Après deux incartades américaines tout frais payés par Hollywood et Netflix, Bong Joon-ho est revenu chez lui tourner son nouveau film en y retrouvant l’acuité et la cruauté de ces premières grandes œuvres qui égratignaient si bien les codes et les valeurs de son pays (Memories of murder et Mother). Et sur ce point, Parasite égratigne lui aussi, il égratigne en profondeur, à l’os et jusqu’au sang, littéralement. Ce jeu de massacre entre classes sociales ressemble à du Chabrol sous corydrane. C’est une Cérémonie abracadabrantesque (et tout aussi féroce) où ce ne sont plus la parole ni les mots (ou leur incompréhension, ou même leur absence) qui déclenchent la vindicte mais, plus prosaïquement, l’odeur.
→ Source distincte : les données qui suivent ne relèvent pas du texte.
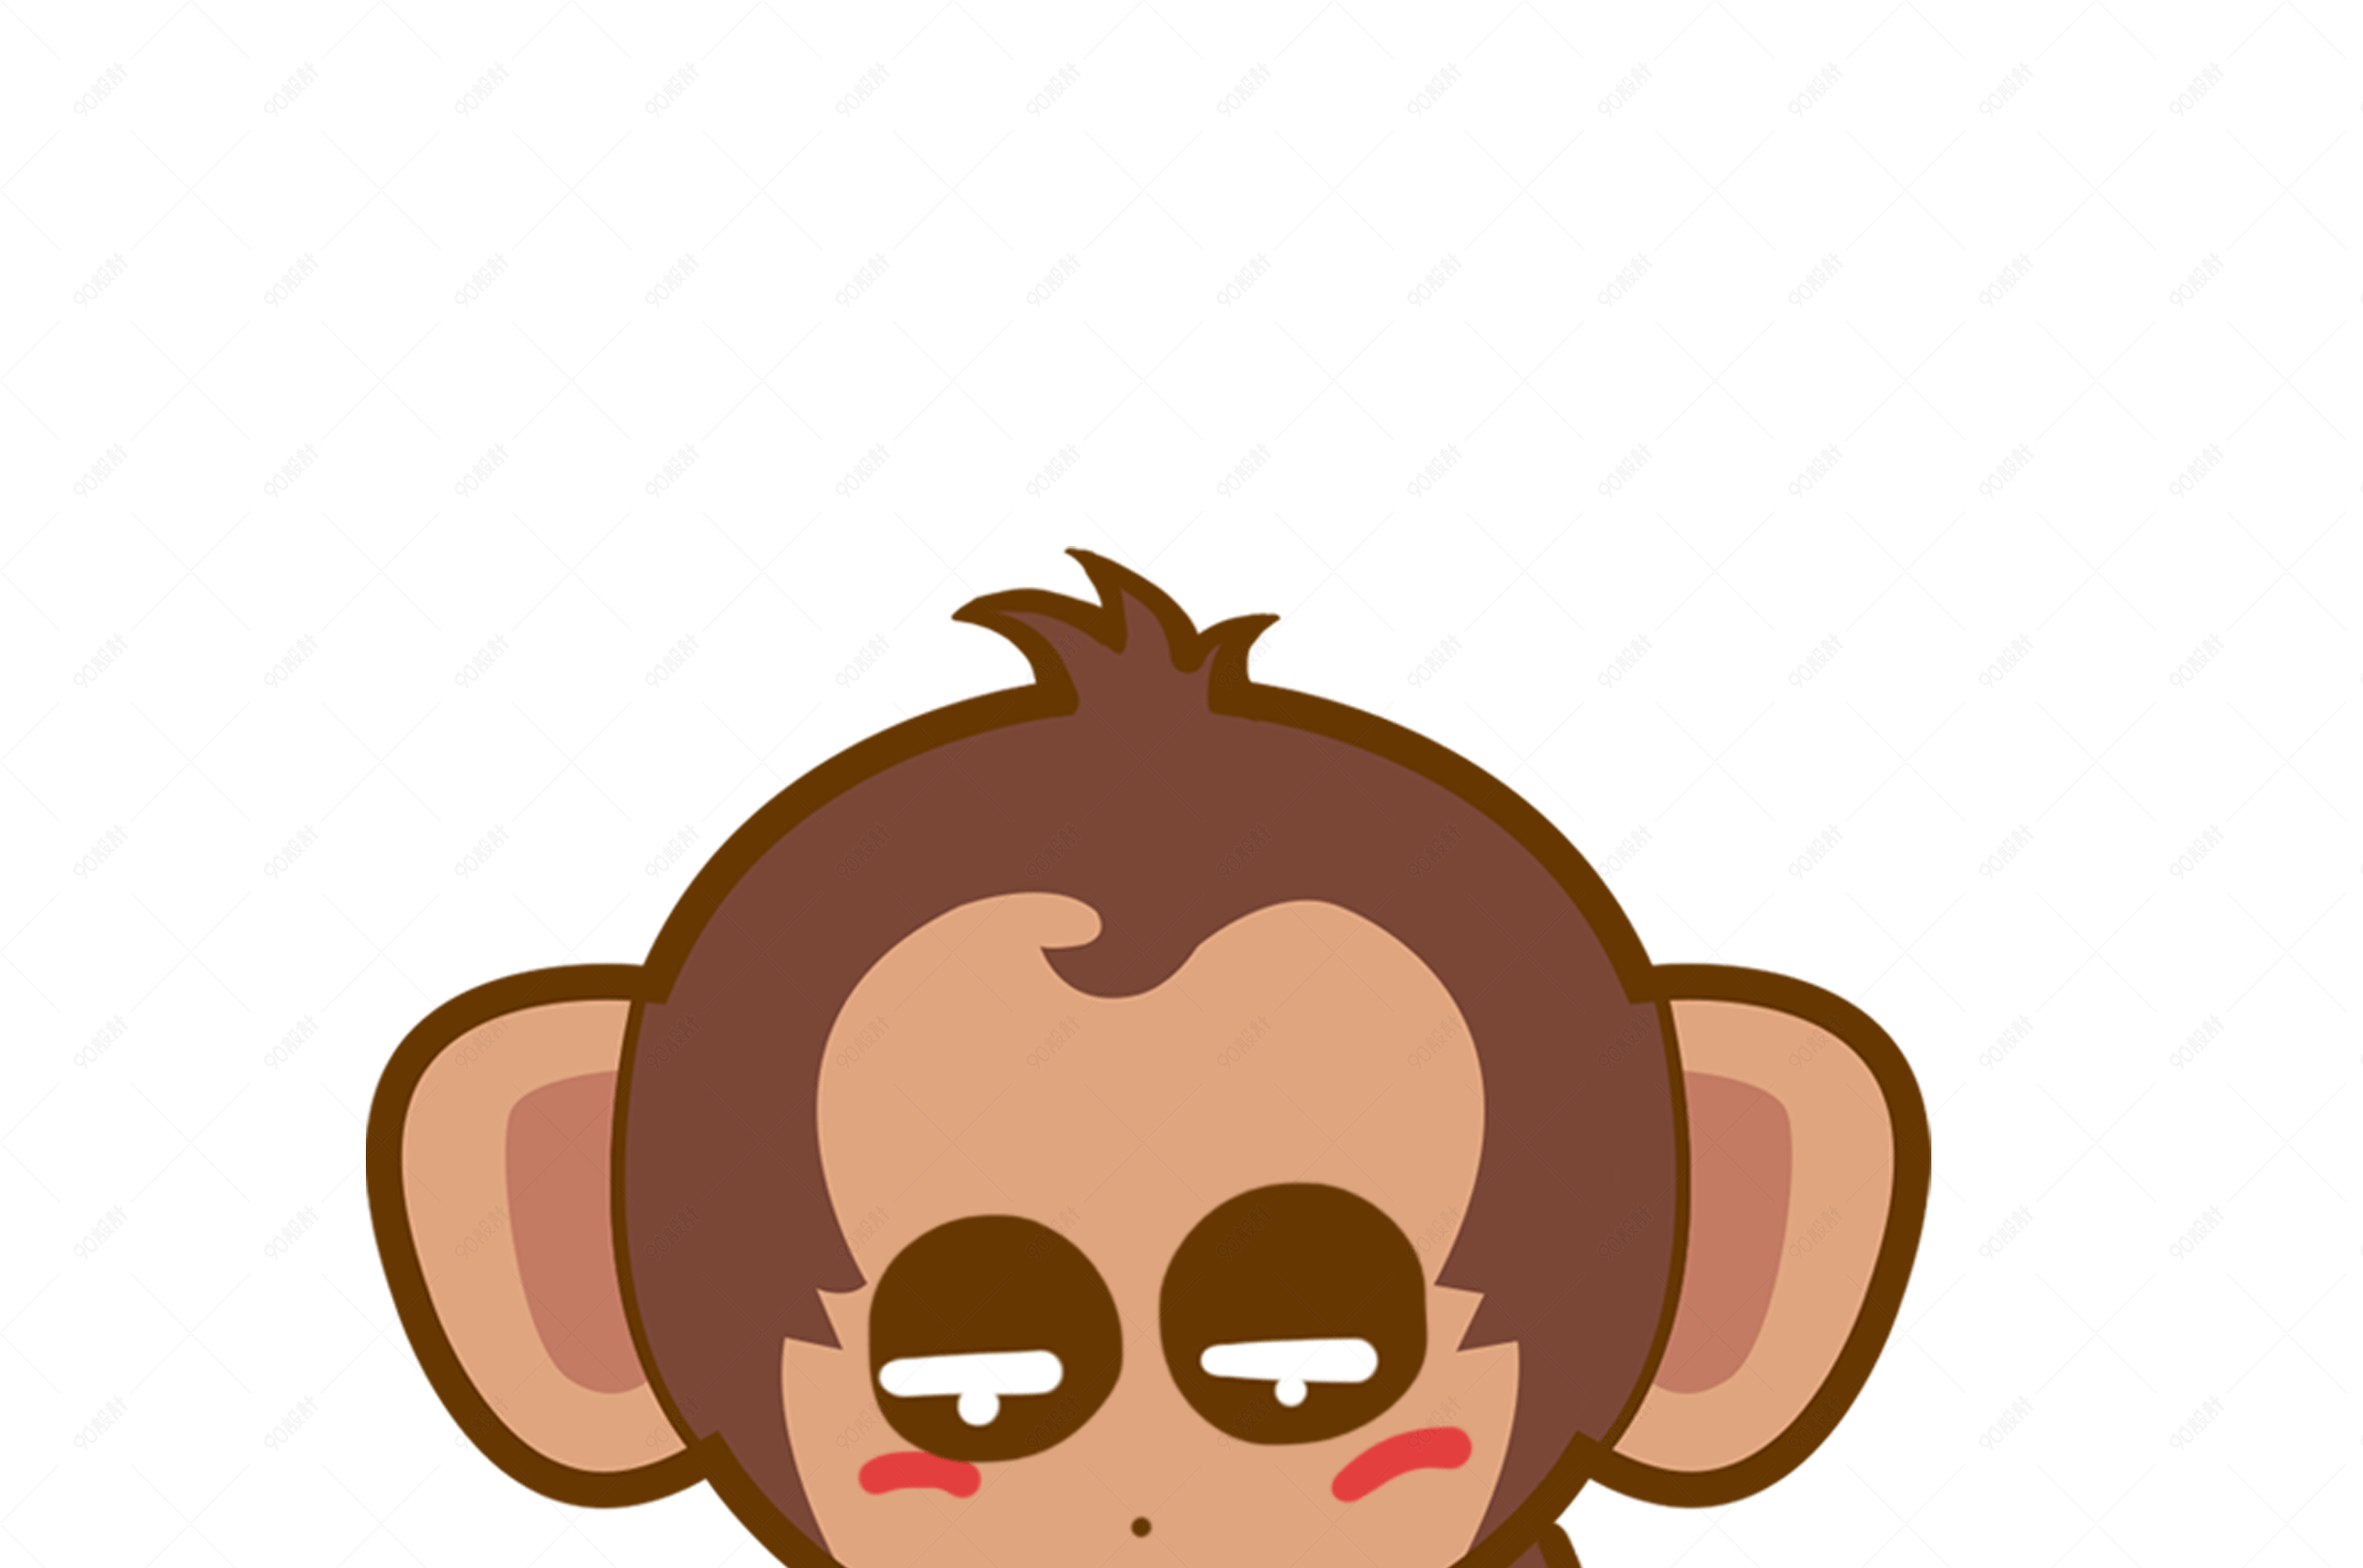 卡通可愛矢量搞笑小猴子素材 Monkey Clipart, 剪貼畫, 卡通猴子, 小猴子向量圖案素材免費下載，PNG，EPS和AI素材下載 ...

On ne méprise plus en sermonnant, mais en se bouchant le nez, en se plaignant des remugles rances de son personnel.
Parasite va de surprise en surprise, et bien malin celui qui parviendra à savoir où Bong Joon-ho, à mi-parcours et après avoir patiemment mis en place une mécanique scénaristique qui ne demande plus qu’à s’emballer (et qui s’emballera, évidemment), a décidé de nous mener tant les perspectives narratives sont inattendues et multiples. Outre ce foisonnement dans les enjeux et dans les thèmes, Bong Joon-ho offre aux spectateurs un pur plaisir esthétique en s’appropriant avec maestria les espaces (comme il avait déjà su le faire dans Le transperceneige) qui culminera lors d’une longue scène de cache-cache nocturne qui, entre théâtre de boulevard et home invasion, investie chaque volume et chaque recoin d’une immense maison design tout en béton, en verre et en lignes droites.
Maison-monde où vont se jouer (et se révéler) les habituelles vérités de la comédie humaine et d’un réel plus que jamais fracturé (cette bonne vieille fracture sociale, désormais ouverte en un gouffre) comme est fracturé un crâne. Et ce sont ces espaces, ces vides et ces pleins qui, l’air de rien, structurent et altèrent le récit de Parasite, ces espaces que l’on découvre, qu’il faut pouvoir occuper et posséder, dans lesquels il faut pouvoir s’immiscer, dans lesquels on se dissimule, on se terre, on vit à l’aise ou comme on peut. D’une grande demeure architecturale à un appartement miteux à moitié enterré, des ruelles dédringolantes de la ville à des lieux secrets qui ne le seront plus, Parasite recycle le schéma classique d’une sorte d’atavisme vertical (suggérant même la théorie du ruissellement lors d’une impressionnante séquence d’inondation), d’une bourgeoisie éternellement nichée dans les hauteurs rassurantes de la métropole (la maison à laquelle on accède par une rue en pente qu’il faut gravir, puis par un escalier) et de la masse grouillante des pauvres survivant en bas, au ras du sol, mis à l’écart, sans espoir et sans Wi-Fi.
Pour cela, Bong Joon-ho décline le motif de l’intrusion à tous les niveaux, qu’ils soient intellectuel et social ou qu’ils s’établissent sur un plan physique (caves, escaliers, tunnels, sous les lits ou sous les tables…), et celui des rapports viciés (par la feinte ou par l’effluve) en observant jusqu’à l’implosion une famille d’arnaqueurs prêts à tout obtenir d’une famille de nantis prêts à tout gober. Mais comme les meilleurs plans, selon le père escroc, sont ceux où il n’y a justement pas de plan, le hasard et les embûches viendront redistribuer les cartes de l’appropriation et de la combine. Et si ce n’est cette conclusion inutile et ce début qui patine un peu, et si ce n’est qu’ici le trait y est sans doute plus forcé (mais puisqu’on est aussi dans la farce…) que dans Memories of murder ou Mother, Parasite se fait la chronique implacable et jubilatoire, puis finalement tragique, de nos sociétés élevant oppositions et inégalités au rang de nouvelle sélection naturelle.